- _AIM OF THE TASK_
So that the copy stays text only, transcribe the data below exactly and exclude the images.
Segment Start: GIVEN INFORMATION
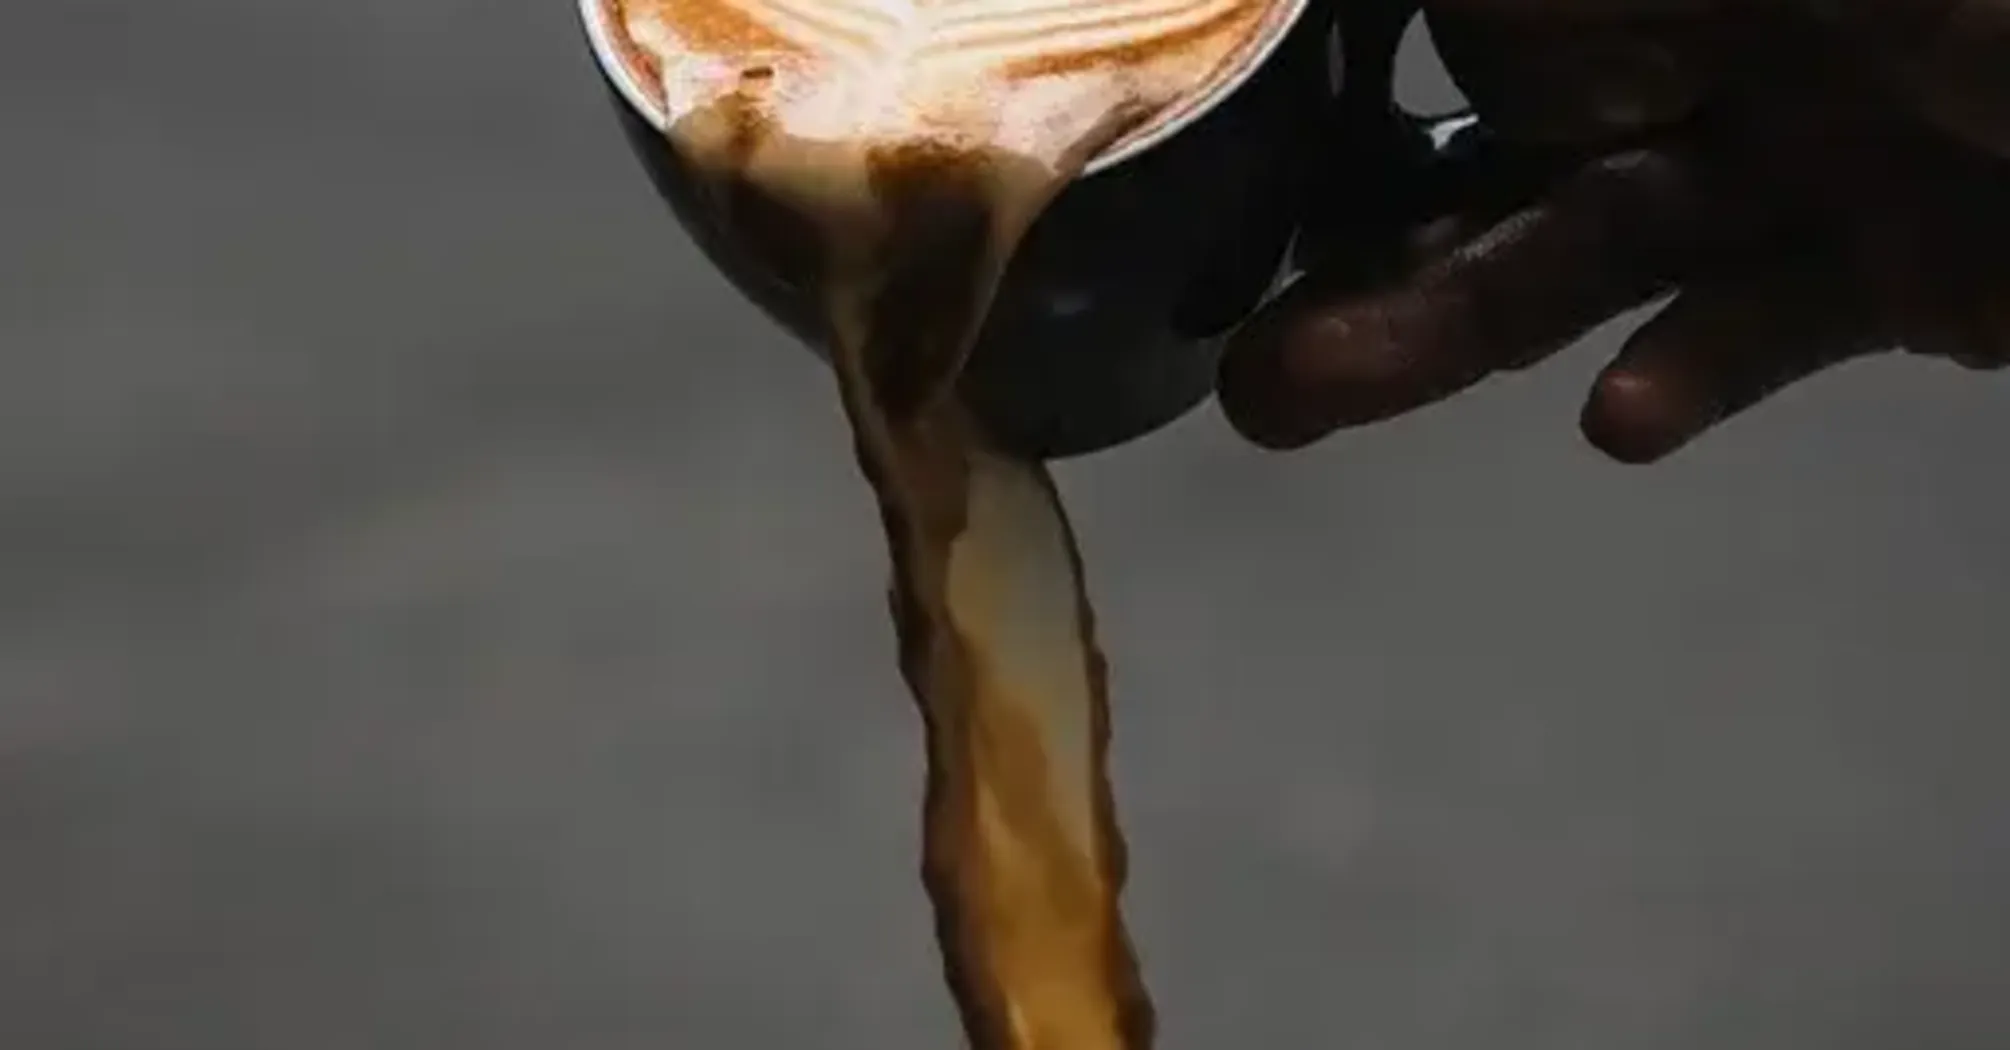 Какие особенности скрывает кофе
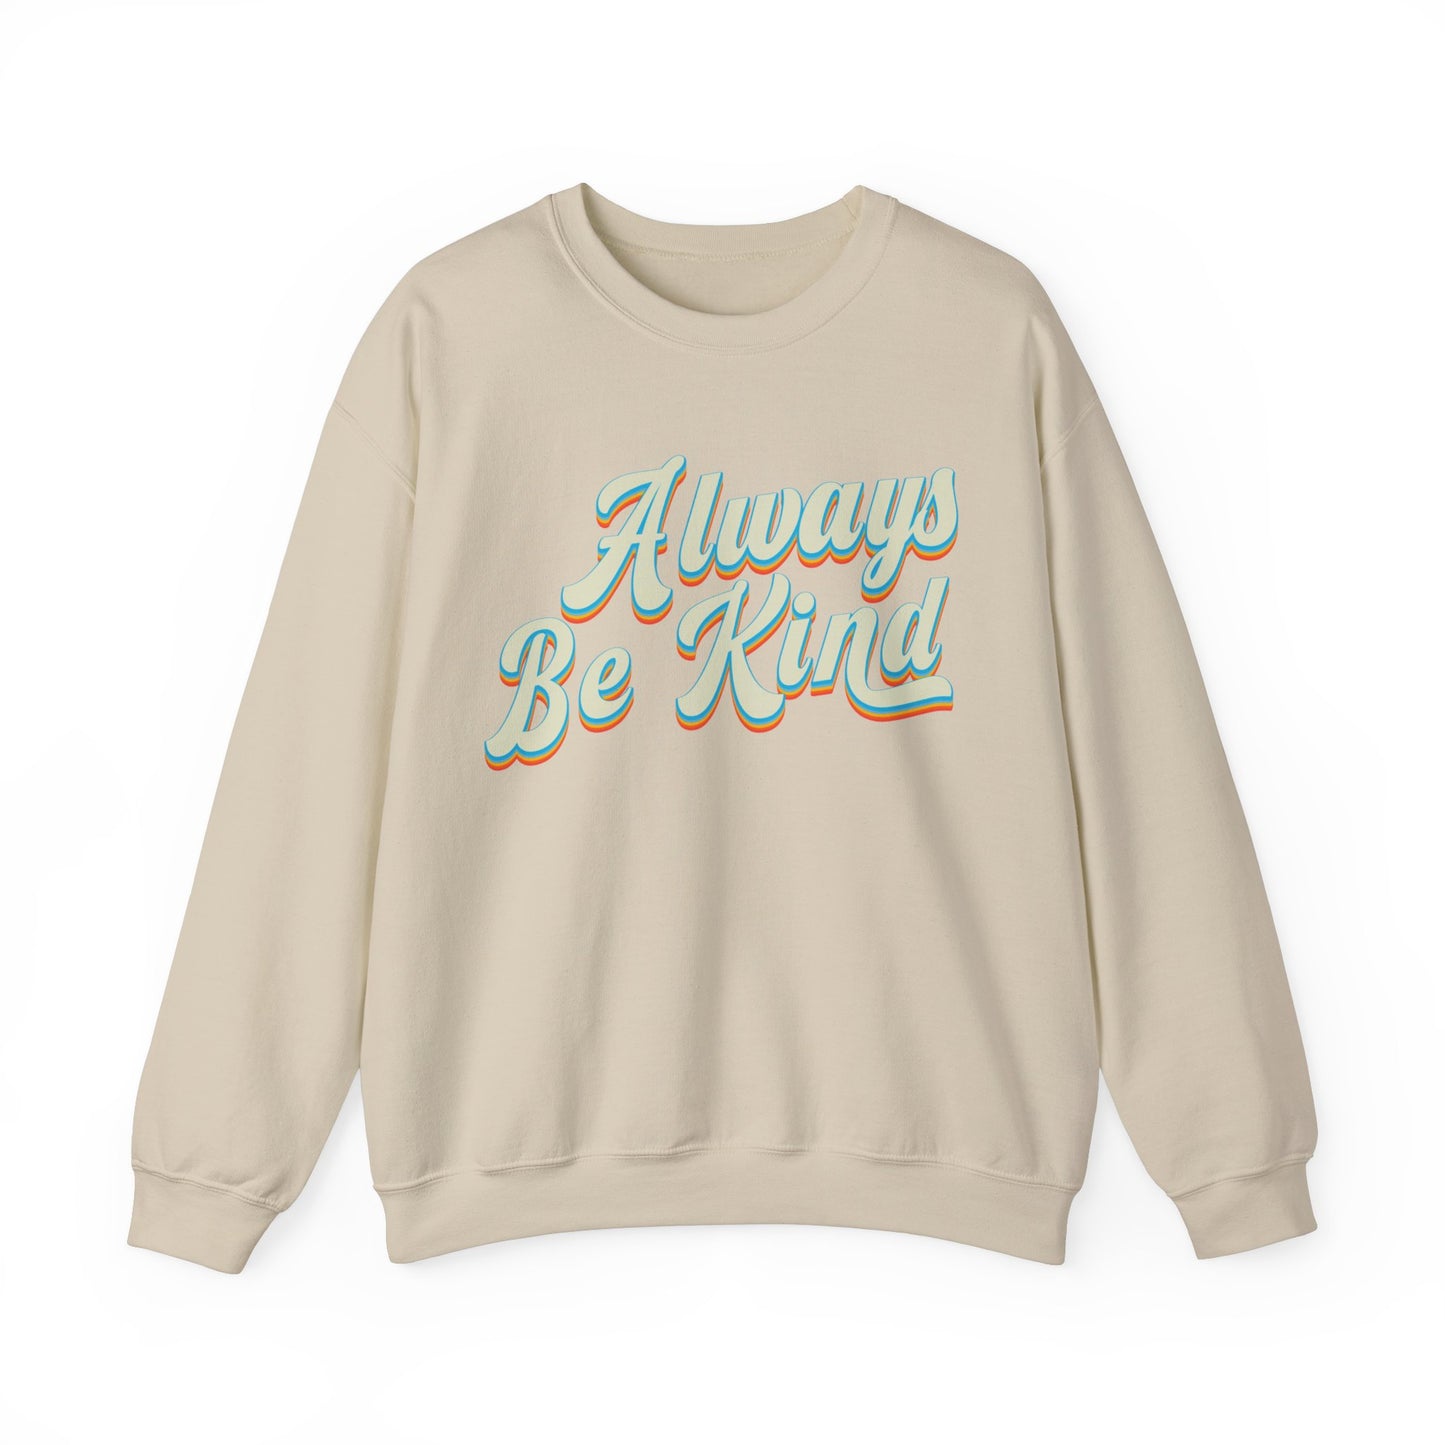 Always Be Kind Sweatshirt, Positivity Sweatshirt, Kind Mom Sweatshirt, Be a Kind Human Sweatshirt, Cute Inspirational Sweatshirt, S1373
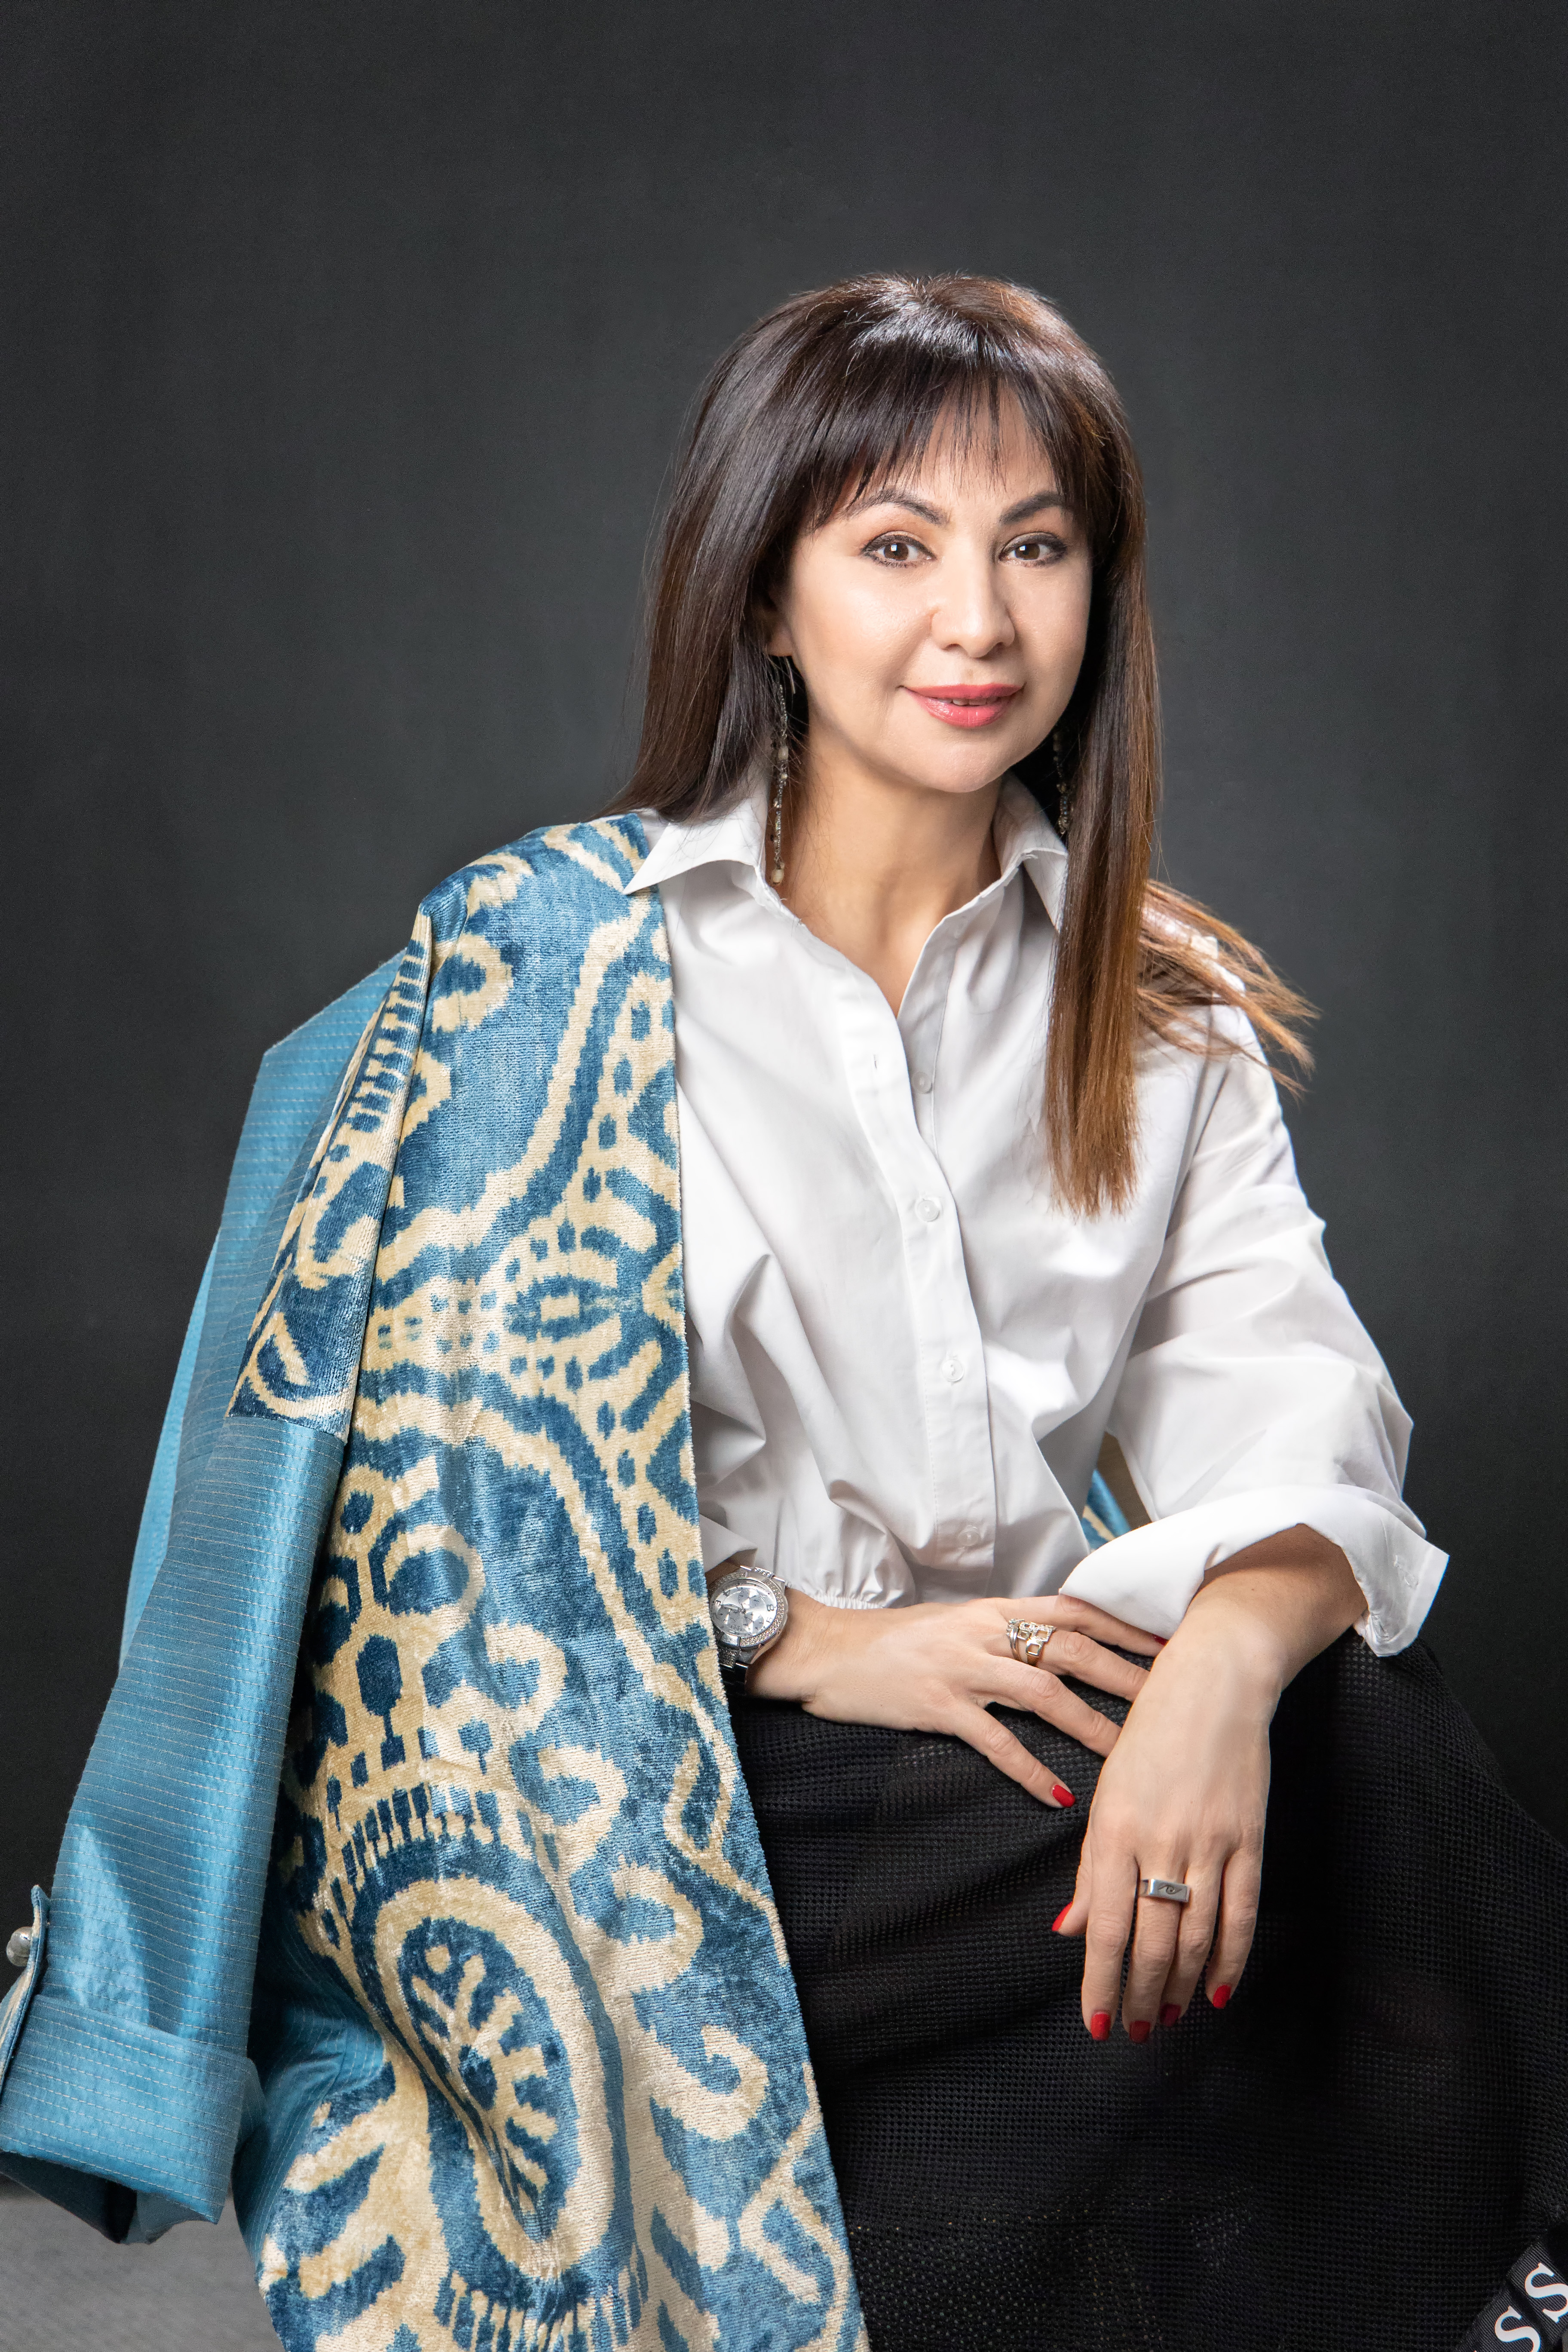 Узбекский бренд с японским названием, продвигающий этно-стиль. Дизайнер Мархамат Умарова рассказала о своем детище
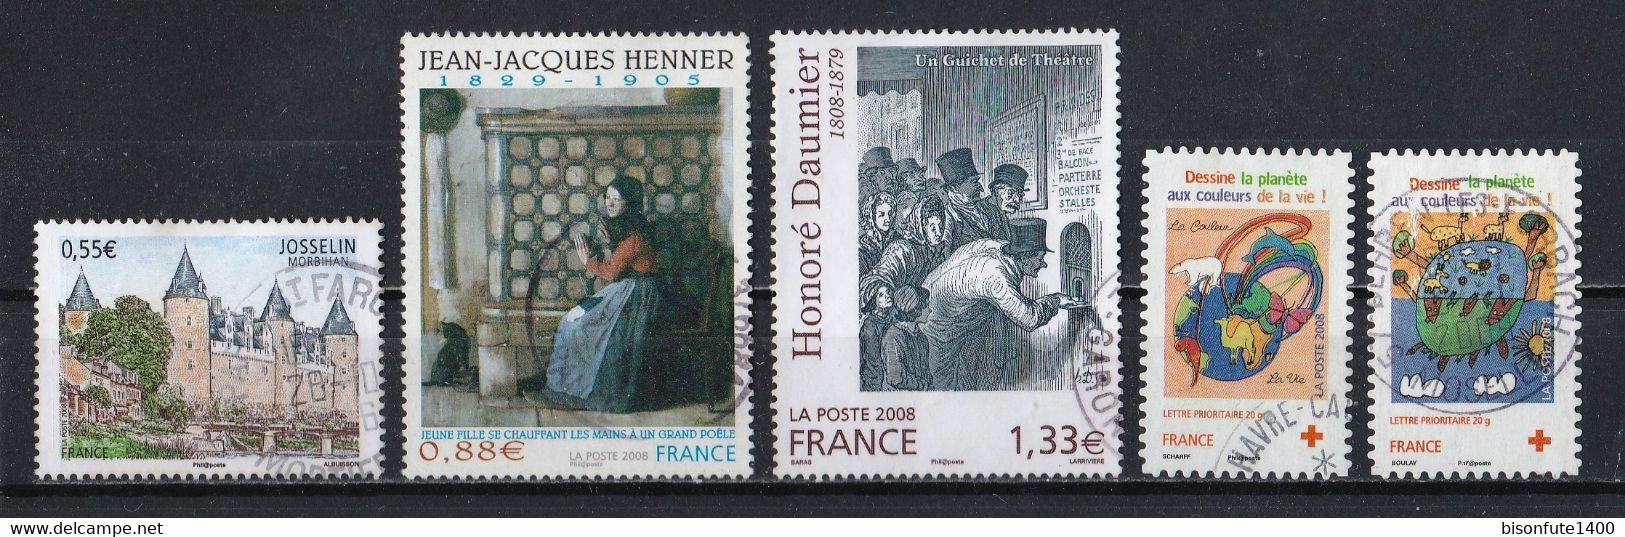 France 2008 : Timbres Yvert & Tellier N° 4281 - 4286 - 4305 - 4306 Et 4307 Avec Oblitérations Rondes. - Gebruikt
Segment End: GIVEN INFORMATION
- _RESULT OF THE TASK_
 Какие особенности скрывает кофе
 Always Be Kind Sweatshirt, Positivity Sweatshirt, Kind Mom Sweatshirt, Be a Kind Human Sweatshirt, Cute Inspirational Sweatshirt, S1373
 Узбекский бренд с японским названием, продвигающий этно-стиль. Дизайнер Мархамат Умарова рассказала о своем детище
 France 2008 : Timbres Yvert & Tellier N° 4281 - 4286 - 4305 - 4306 Et 4307 Avec Oblitérations Rondes. - Gebruikt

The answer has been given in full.